BEGIN

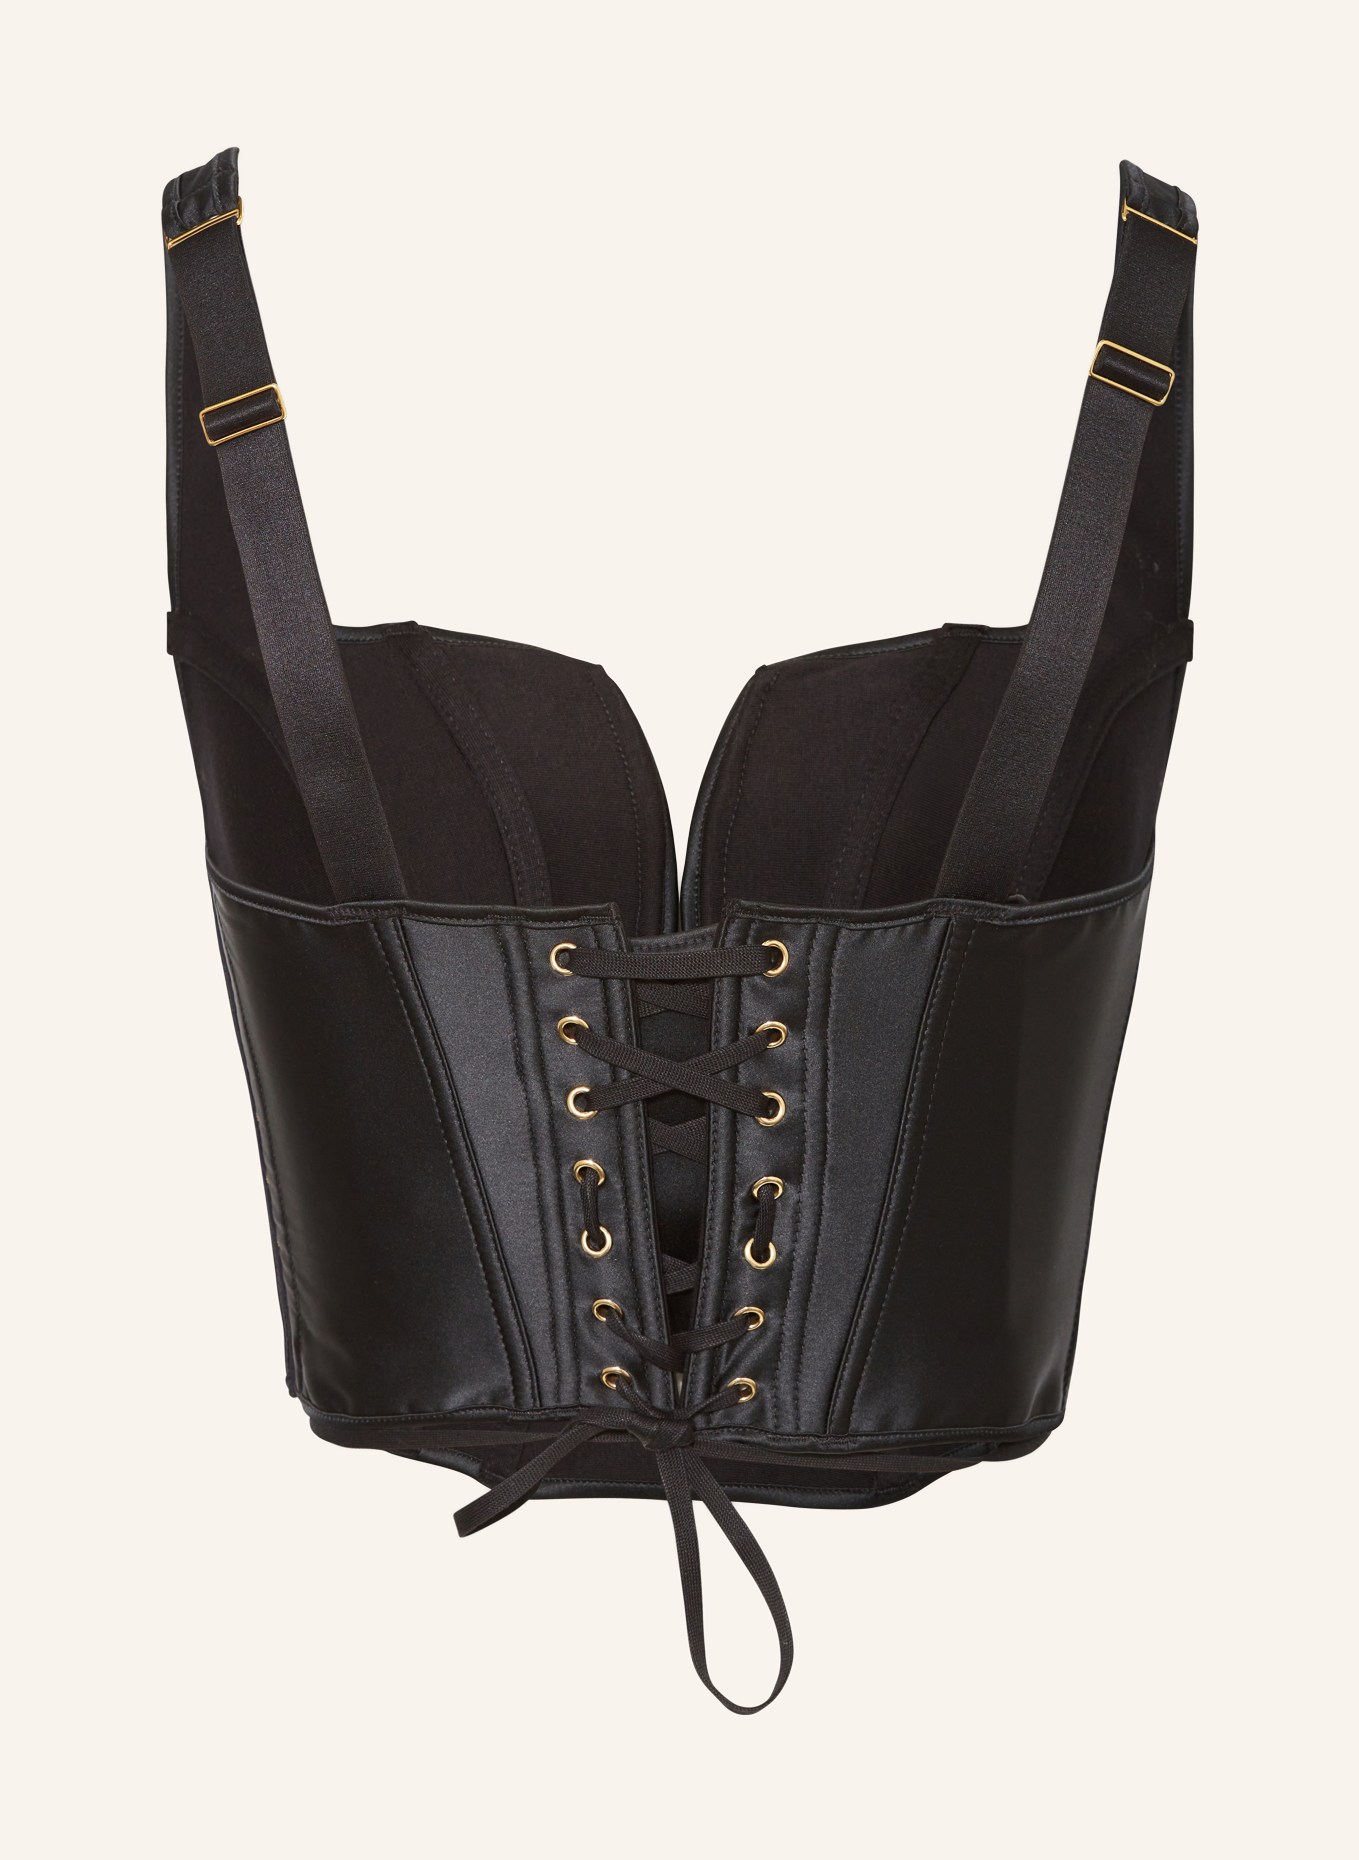 Aubade Corset ICONIC ALLURE made of satin in black
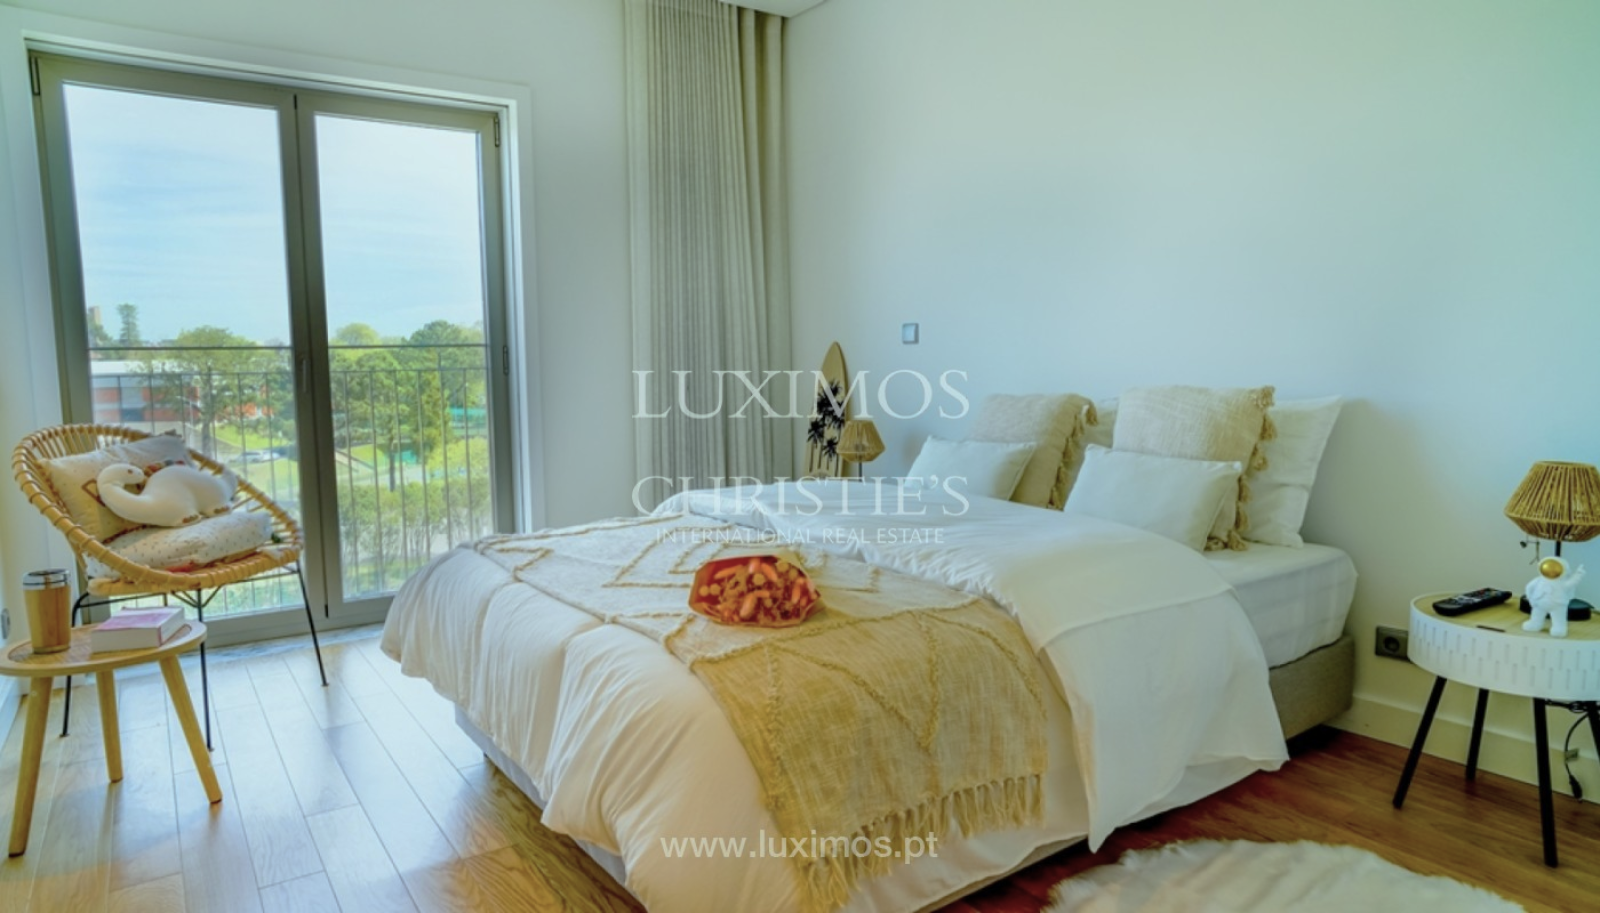 Four bedroom apartment with river views in Foz, for sale, Porto, Portugal_261088
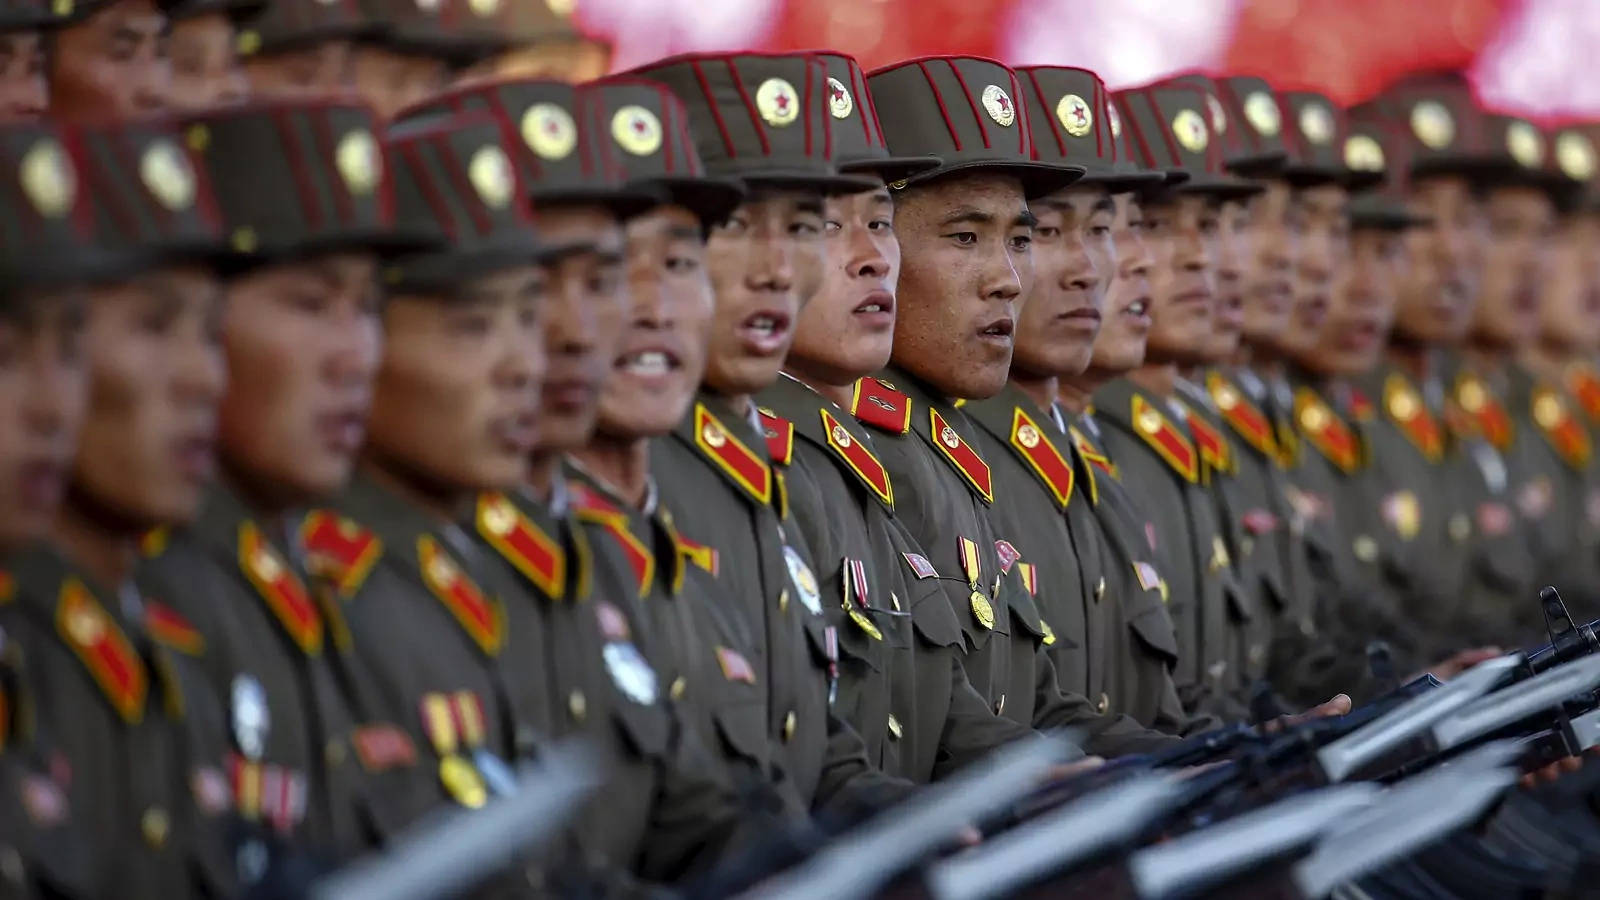 North Korea Soldiers Lined-up Wallpaper

END

• _EXERCISE_: Only the pictures are to be left out; write out all the other data exactly.

• _EXERCISE OUTPUT_:
 Aubade Corset ICONIC ALLURE made of satin in black
 Four bedroom apartment with river views in Foz, for sale, Porto, Portugal_261088
 North Korea Soldiers Lined-up Wallpaper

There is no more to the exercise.